Analysis of automatic image classification methods for Urticaceae pollen classification

Li, Chen; Polling, Marcel; Cao, Lu; Gravendeel, Barbara; Verbeek, Fons J.


Pollen classification is considered an important task in palynology. In the Netherlands, two genera of the Urticaceae family, named Parietaria and Urtica, have high morphological similarities but induce allergy at a very different level. Therefore, distinction between these two genera is very important. Within this group, the pollen of Urtica membranacea is the only species that can be recognized easily under the microscope. For the research presented in this study, we built a dataset from 6472 pollen images and our aim was to find the best possible classifier on this dataset by analysing different classification methods, both machine learning and deep learning-based methods. For machine learning-based methods, we measured both texture and moment features based on images from the pollen grains. Varied feature selection techniques, classifiers as well as a hierarchical strategy were implemented for pollen classification.
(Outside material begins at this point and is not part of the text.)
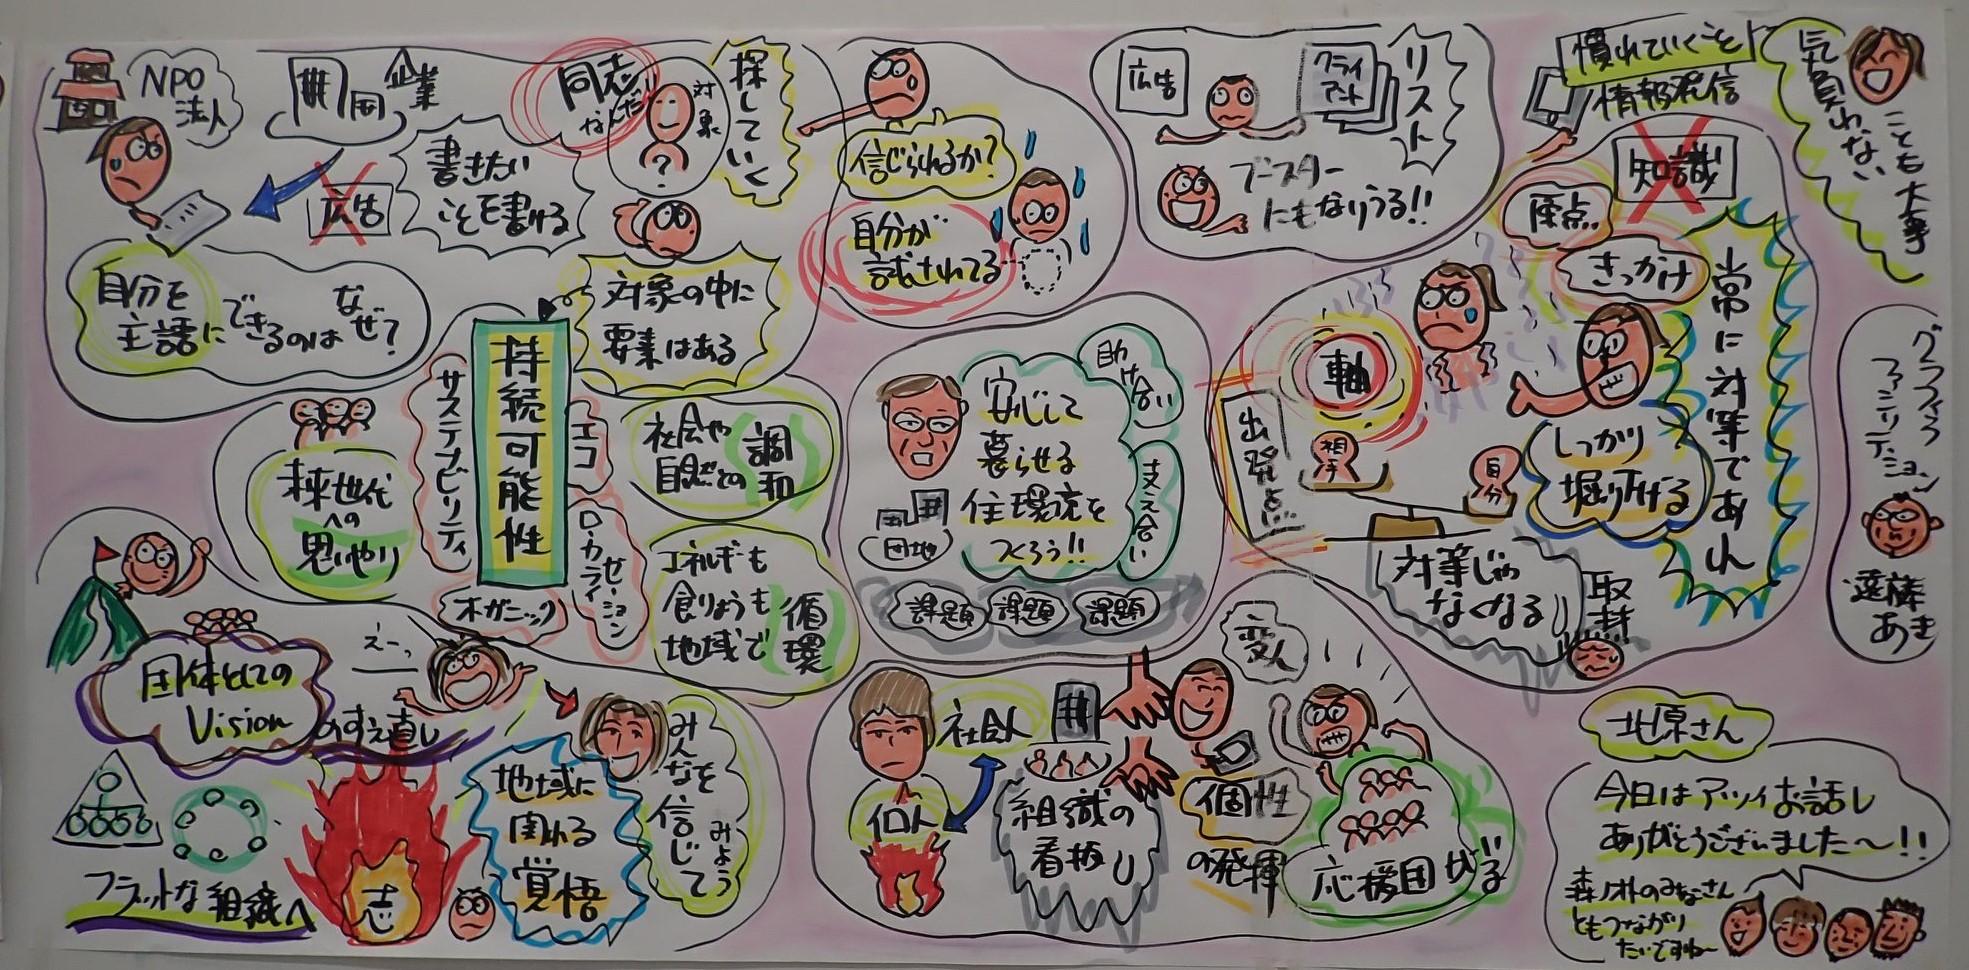 https://tamaempower.co.jp/project/files/fasigura2.jpg

For deep learning-based methods, we compared the performance of six popular Convolutional Neural Networks: AlexNet, VGG16, VGG19, MobileNet V1, MobileNet V2 and ResNet50. Results show that compared with flat classification models, a hierarchical strategy yielded the highest accuracy with 94.5% among machine learning-based methods. Among deep learning-based methods, ResNet50 achieved an accuracy of 99.4%, slightly outperforming the other neural networks investigated. In addition, we investigated the influence on performance by changing the size of image datasets to 1000 and 500 images, respectively. Results demonstrated that on smaller datasets, ResNet50 still achieved the best classification performance. An ablation study was implemented to help understanding why the deep learning-based methods outperformed the other models investigated. Using Urticaceae pollen as an example, our research provides a strategy of selecting a classification model for pollen datasets with highly similar pollen grains to support palynologists and could potentially be applied to other image classification tasks.